[[ SUPPLIED DATA, beginning ]]

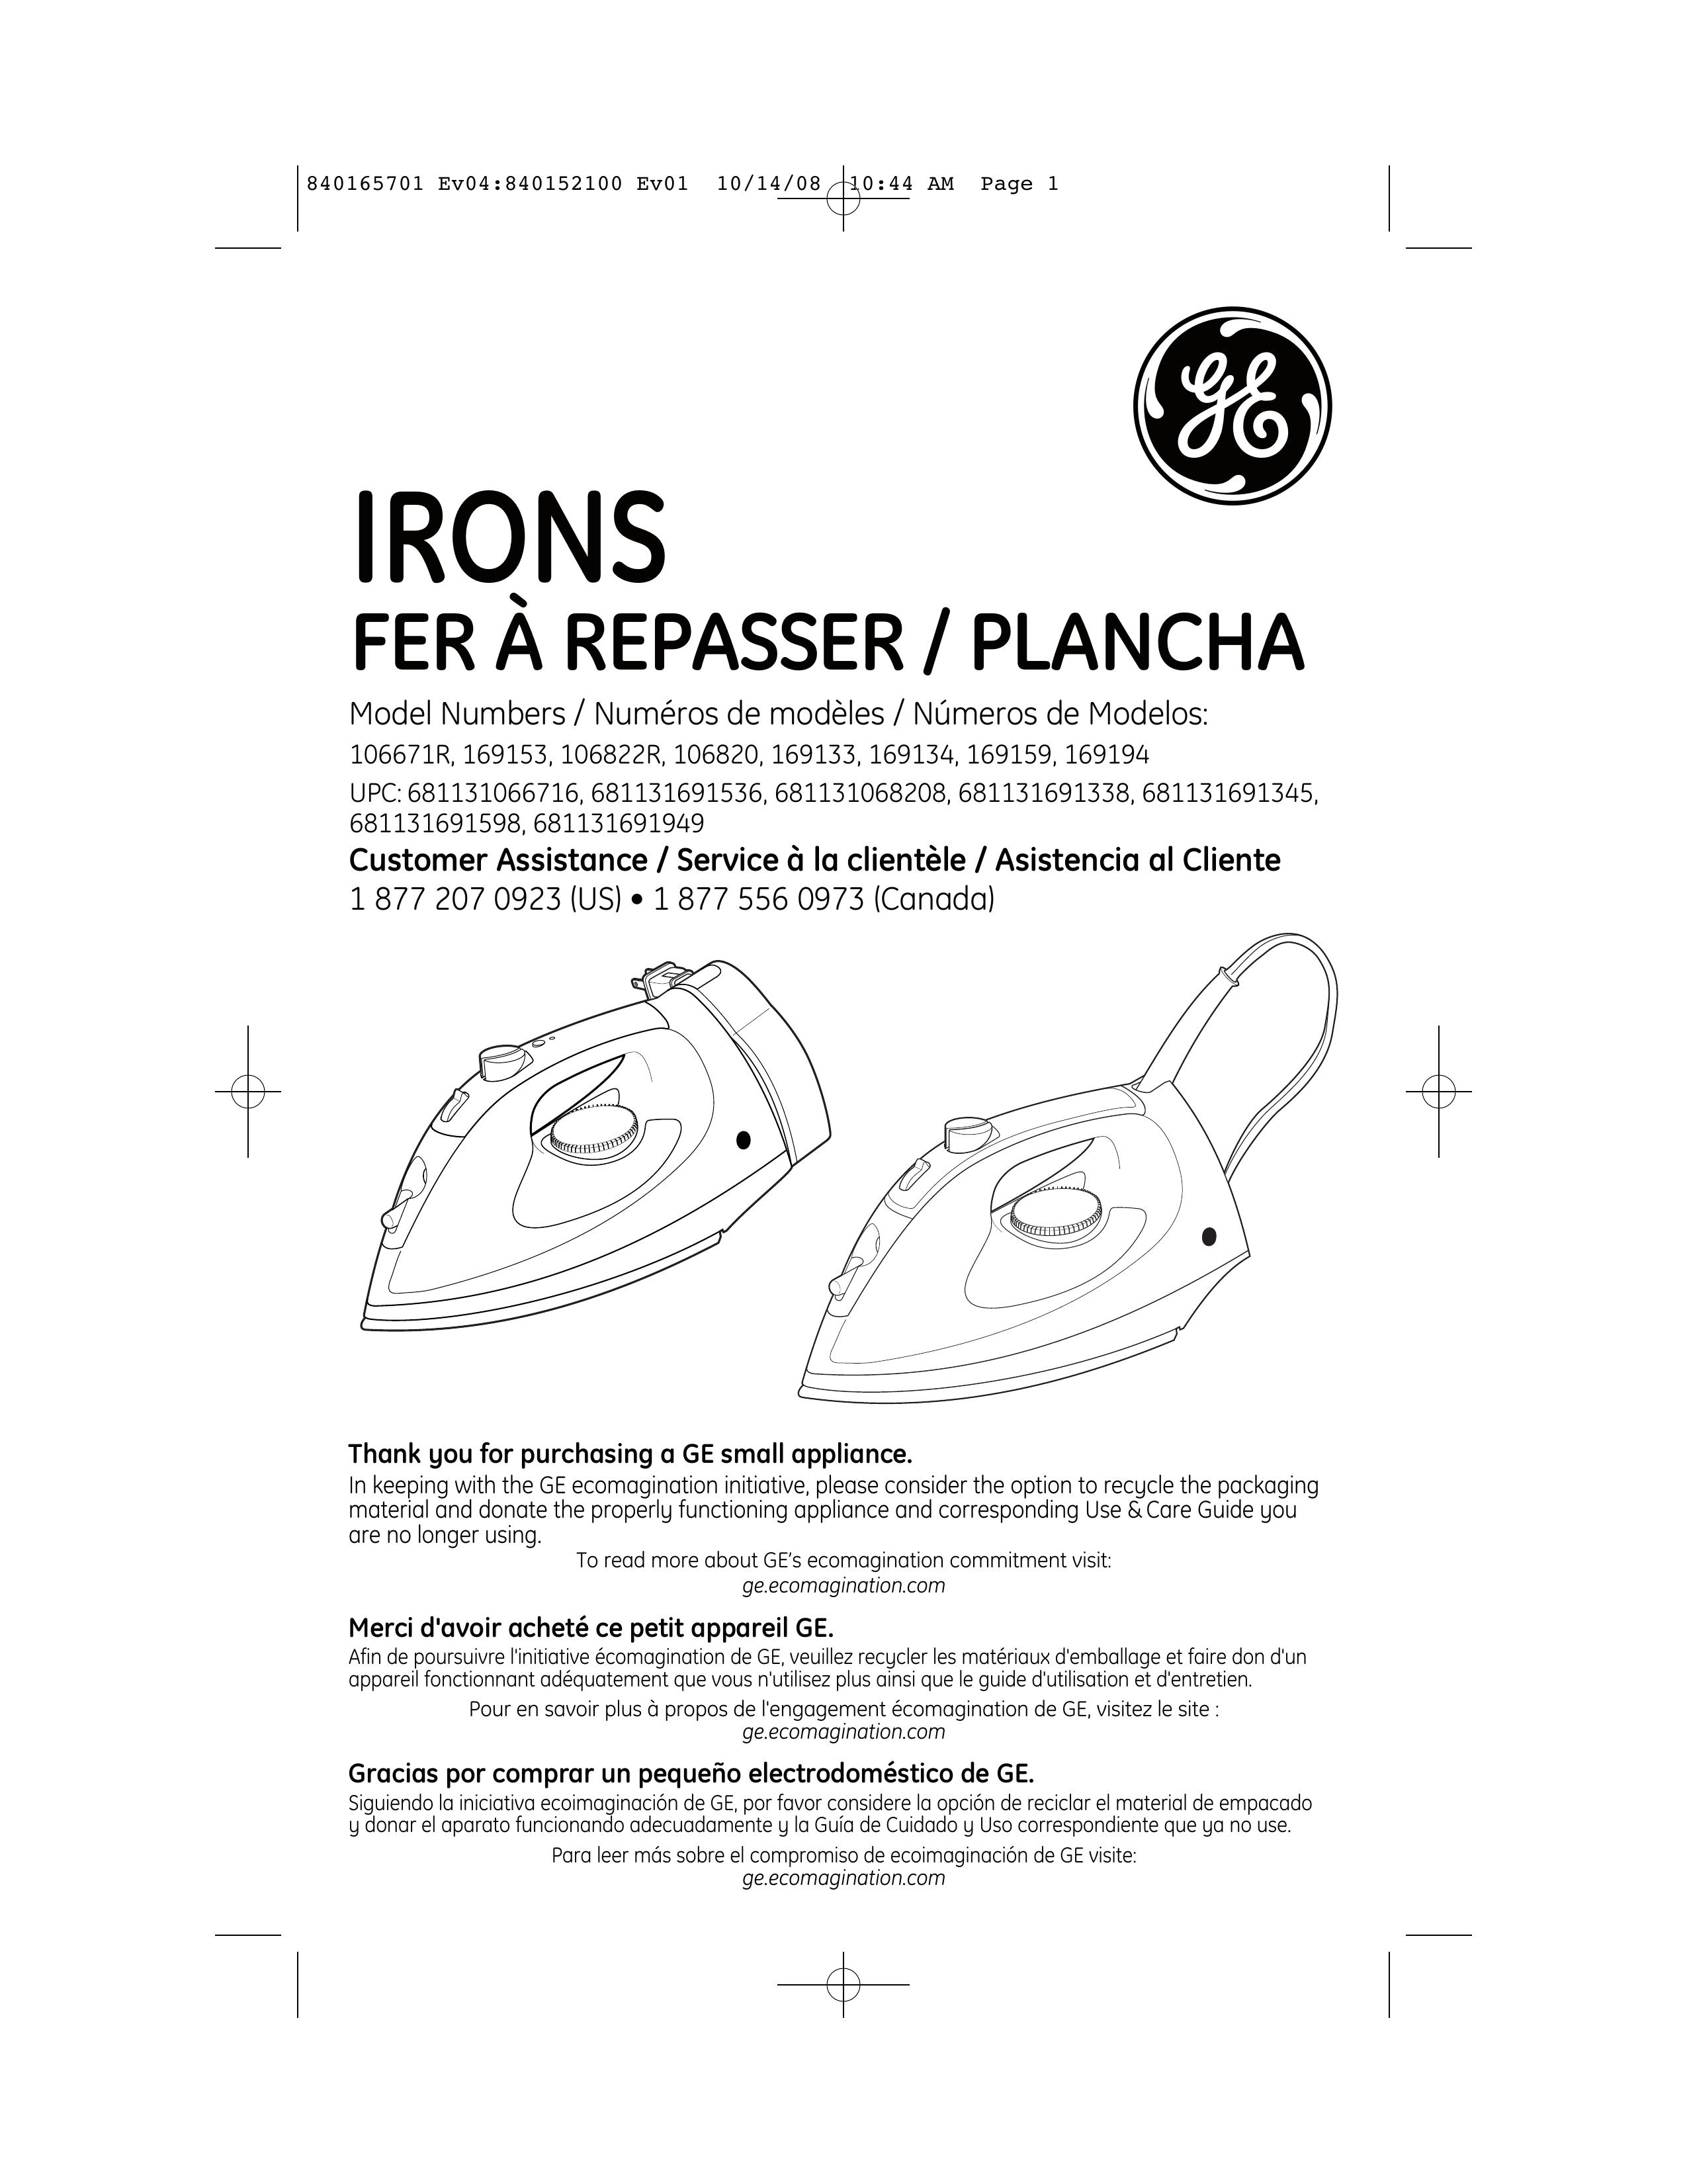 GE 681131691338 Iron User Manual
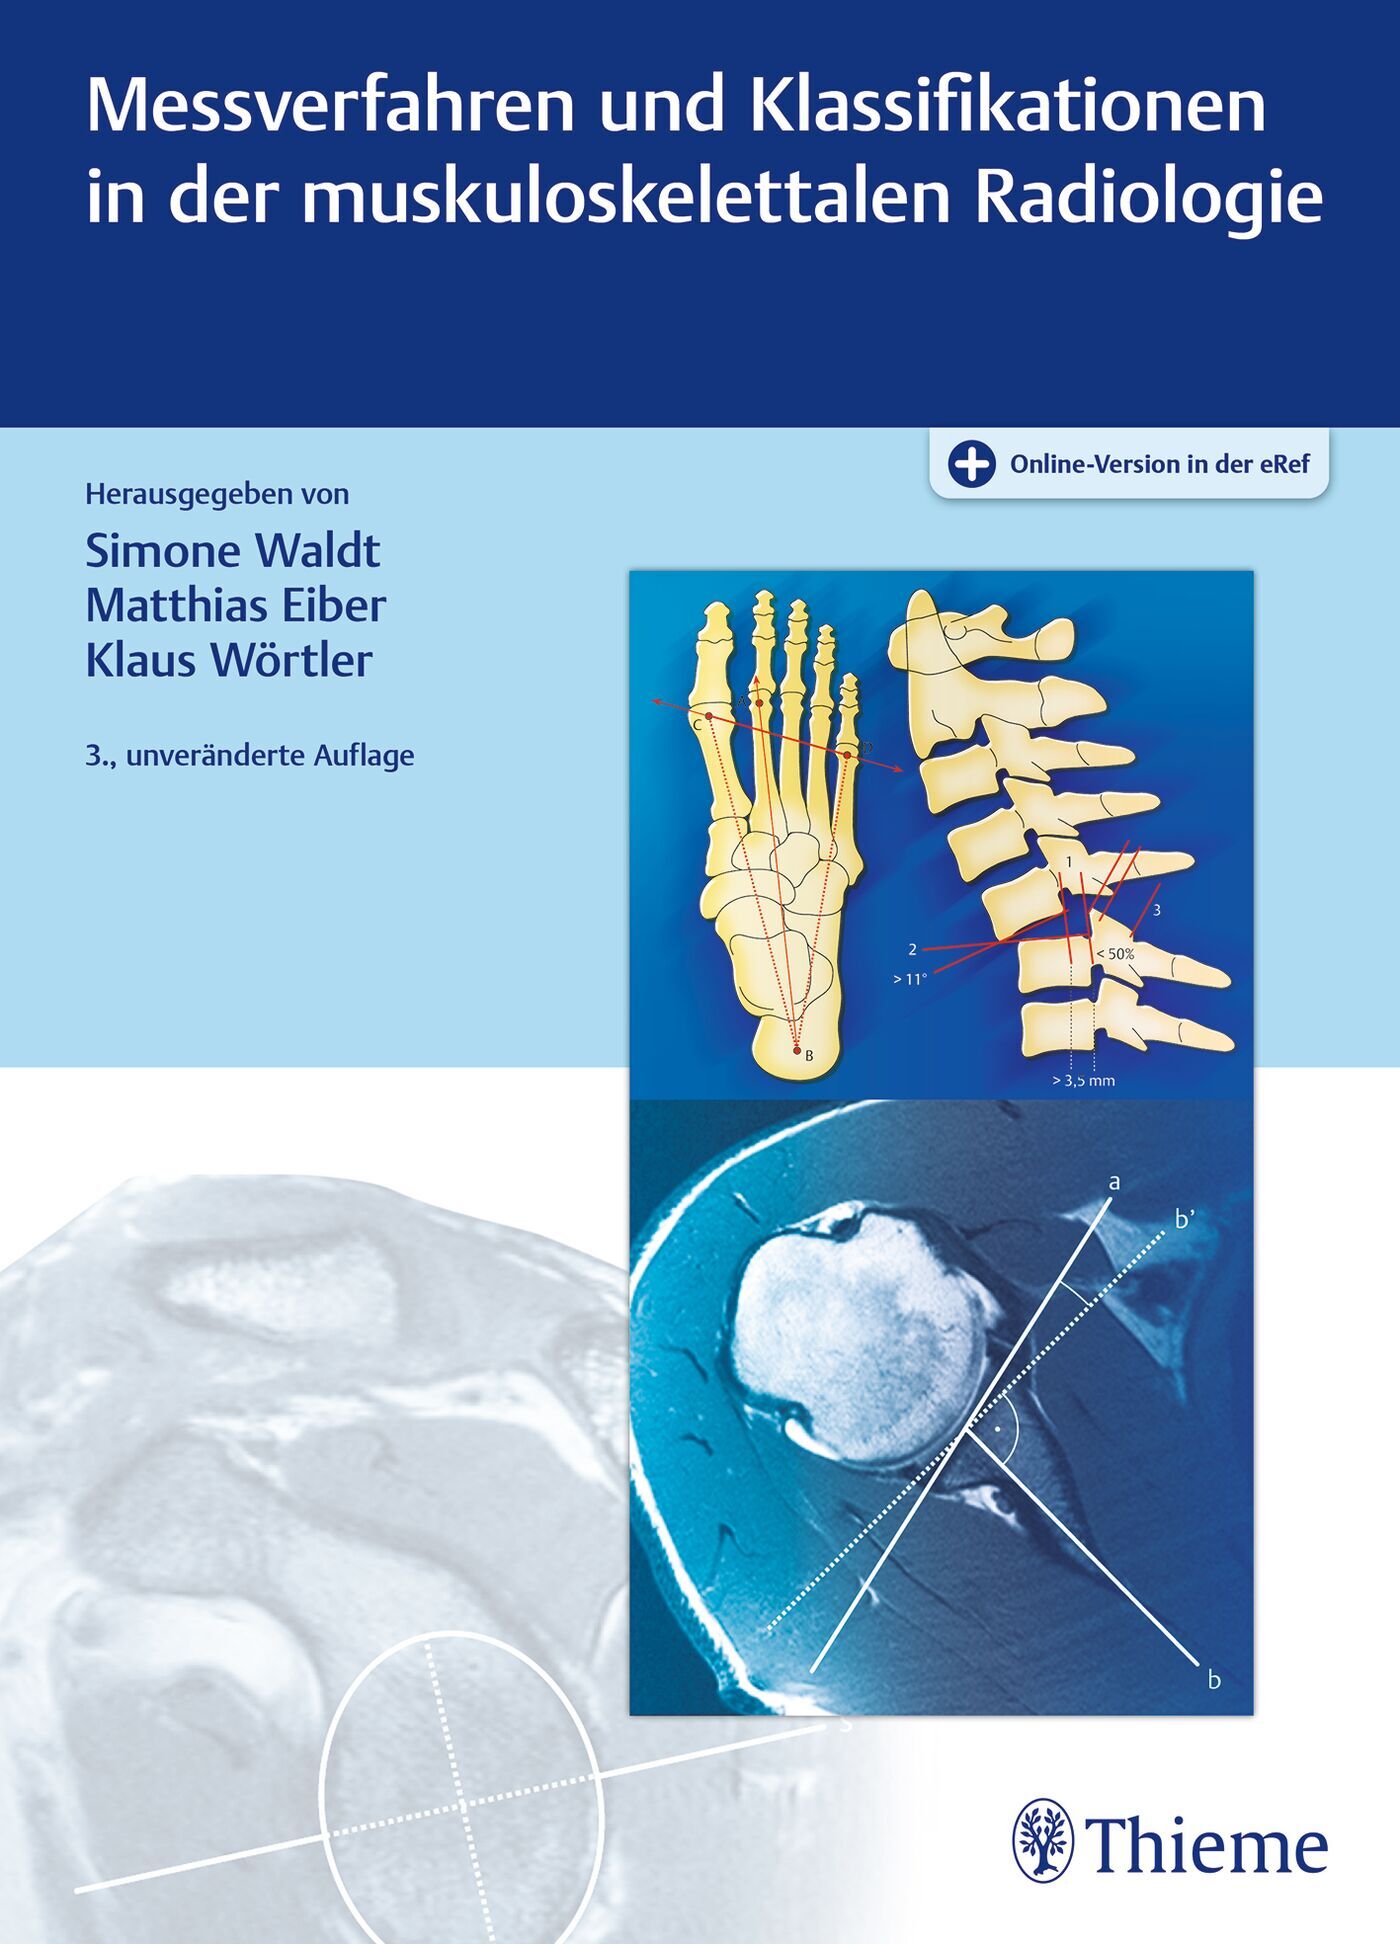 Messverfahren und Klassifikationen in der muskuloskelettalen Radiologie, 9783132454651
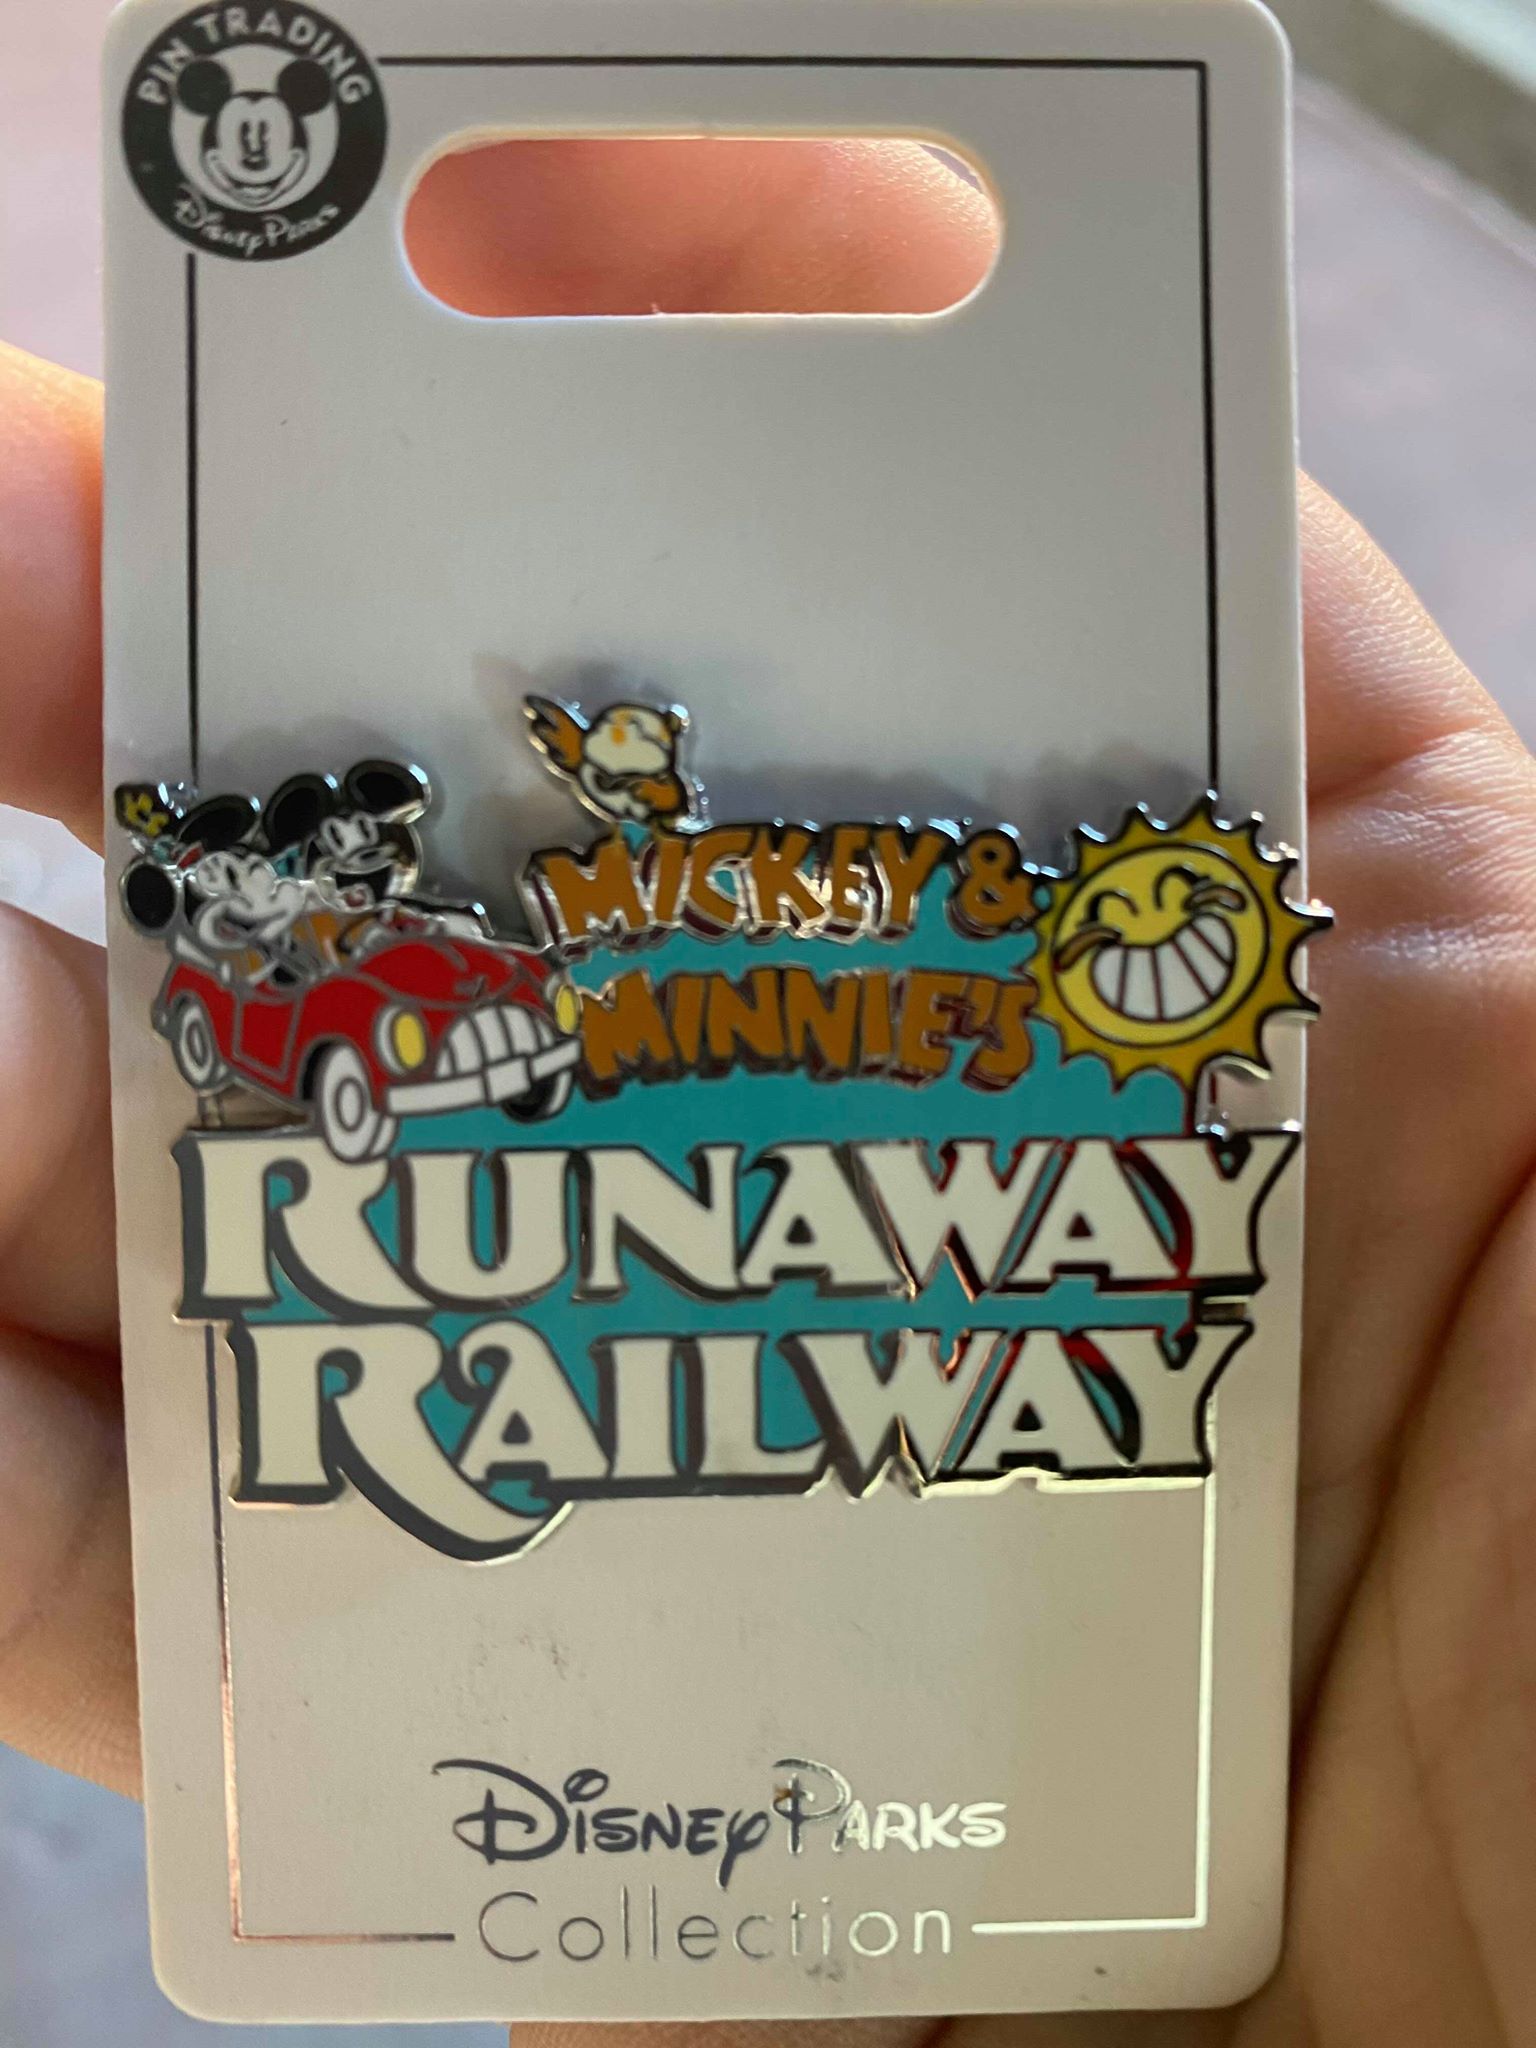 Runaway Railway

[[ SUPPLIED DATA, end ]]

The expected output is every line from the line where "Messverfahren und Klassifikationen" appears to the final line of the material, unchanged and with no pictures.

 Messverfahren und Klassifikationen in der muskuloskelettalen Radiologie, 9783132454651
 Runaway Railway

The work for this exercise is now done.